Three-quarters of all matter in the universe is made up of hydrogen. The young Earth was also rich in hydrogen, thanks to intense geological and volcanic activity.
Just as stars burn hydrogen to produce heat and light through nuclear reactions, life arose by extracting energy from this simple molecule through chemical reactions.
Some of these early life forms were archaea: a mysterious third life form discovered only in the 1970s. (The other two forms are bacteria and eukaryotes, the group that includes all animals, plants, and fungi.)
We have studied thousands of species of archaea to understand how they have thrived on our ever-changing planet for billions of years. In their genetic blueprints, we found instructions to produce special enzymes (called hydrogenases) to extract energy from hydrogen gas, allowing them to survive in some of the most punishing environments on Earth. Our latest research is published in Cell and Nature Communications.
Life powered by hydrogen
Archaea are found in places where no other life can survive. For example, some thrive in boiling hot springs where the water is so acidic that it would dissolve iron.

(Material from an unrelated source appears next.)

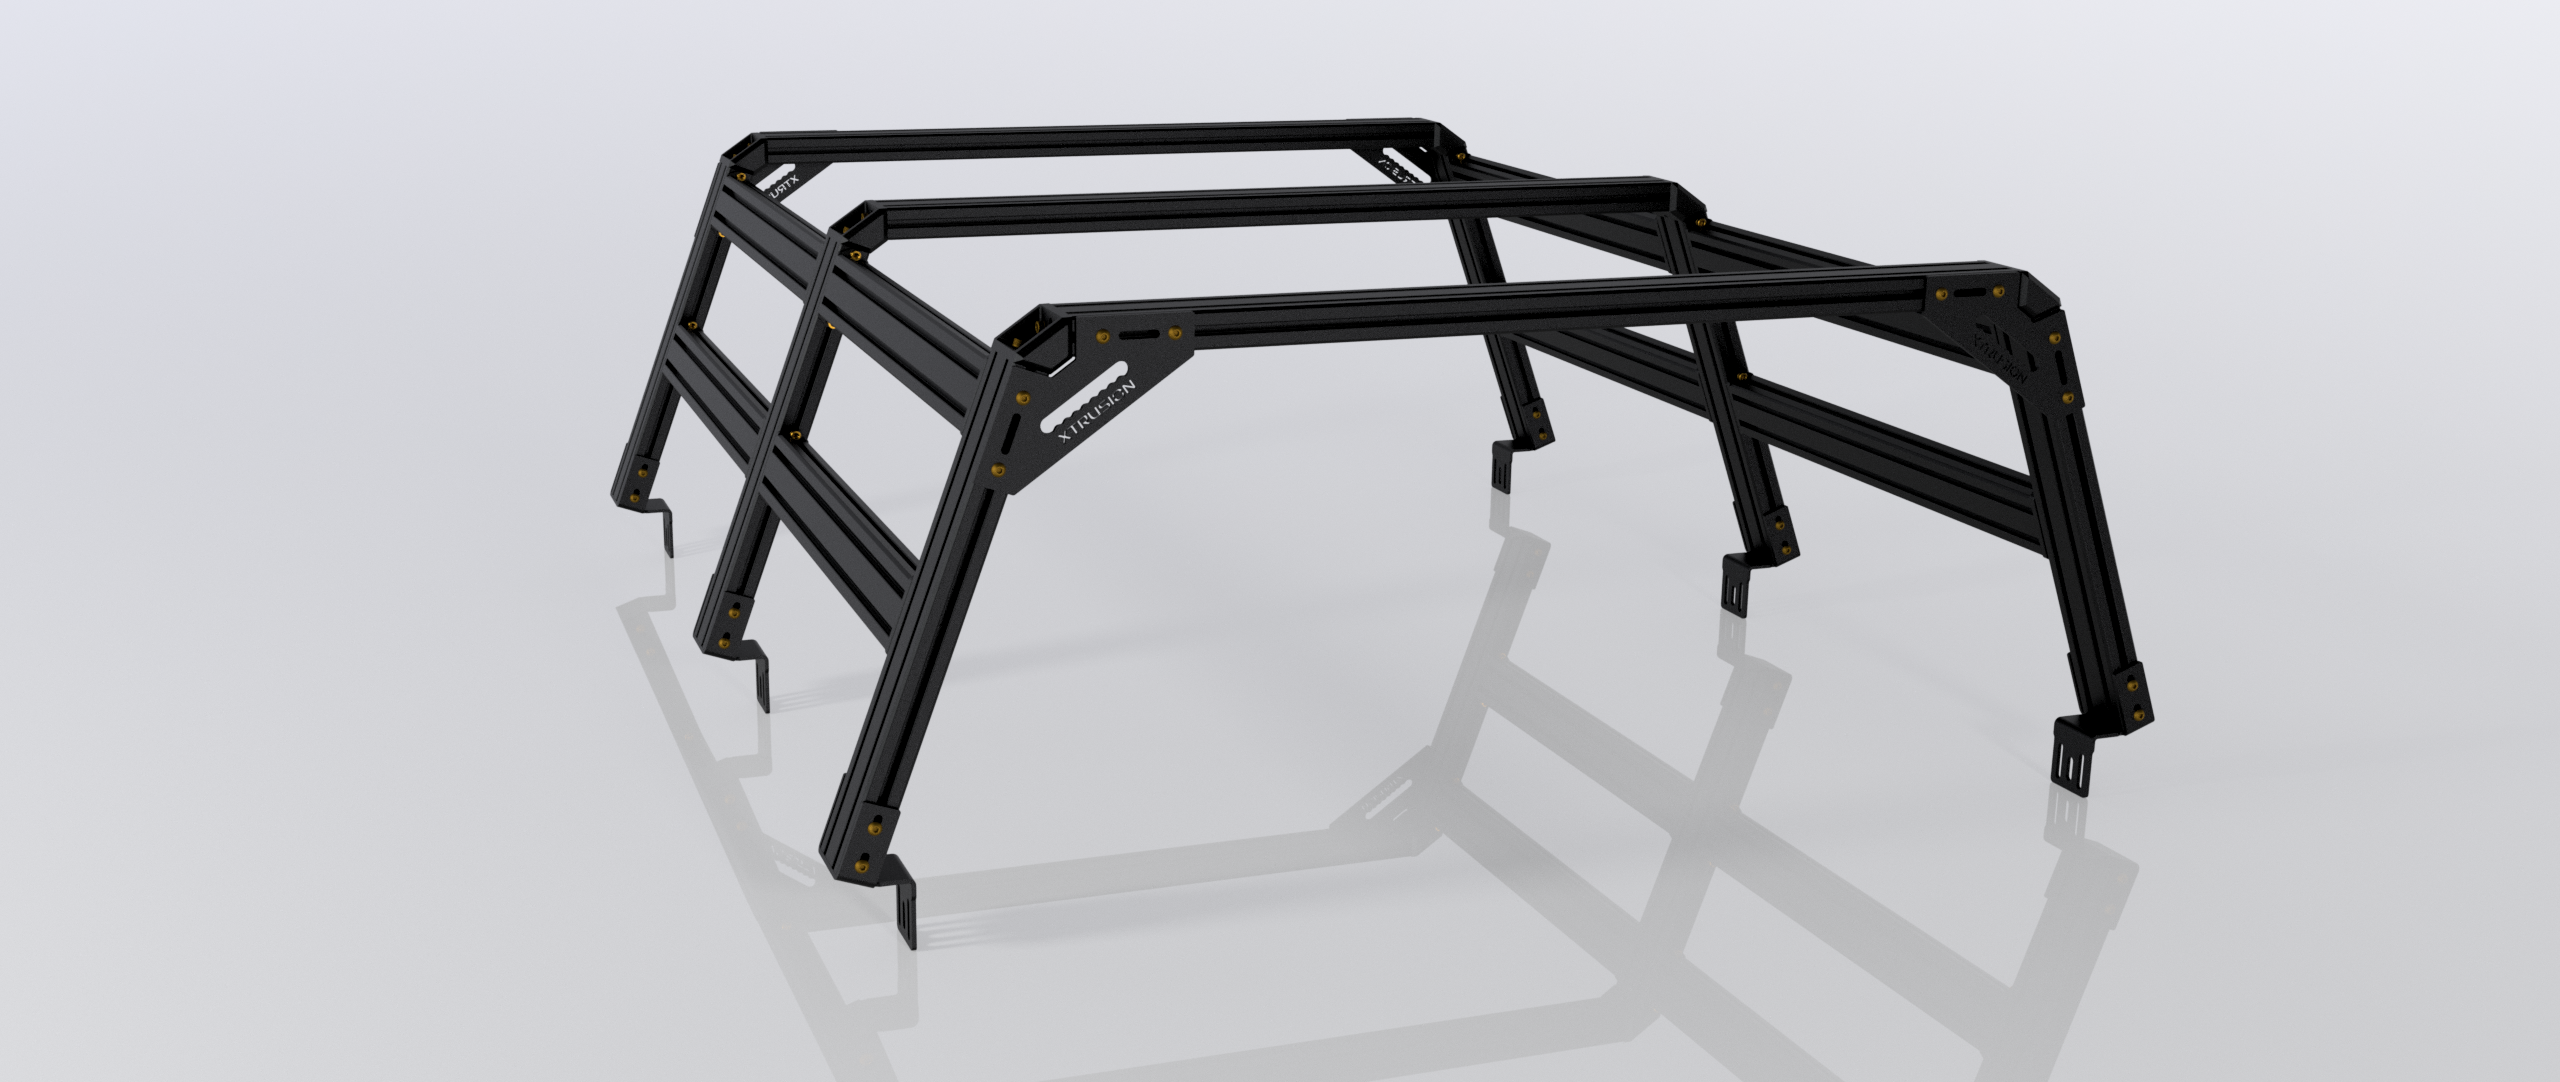 XTR3 Bed Rack for Silverado & Sierra 2500/3500HD

Here, hydrogen is constantly formed from geothermal processes in the earth’s crust. Archaea eat this hydrogen to repair their bodies and sometimes even grow in otherwise deadly conditions.
We found that some archaea can even use the tiny amount of hydrogen present in the air as an additional food source. This ability would likely help them survive transport through the atmosphere from one hydrogen-rich hot spring to another.
Survival in the dark
Many archaea are not found on the surface, but live humble lives deep underground. Plants and animals cannot survive in this environment because there is no light or oxygen to sustain them.
Archaea have found a solution: they break down deeply buried organic matter from plant or animal remains. It does so through a process called “hydrogen-forming fermentation.”
Just as yeast converts sugar into carbon dioxide in the beer fermentation process, these dark archaea convert organic matter into hydrogen gas.
This process releases some energy, but only a little. To survive, some archaea form ultra-small cells to minimize their energy needs. Many are also parasites of other microbes, stealing organic matter to fuel their own growth.
Methane-producing archaea
Many archaea live in extreme environments, but some find a warm home in animals.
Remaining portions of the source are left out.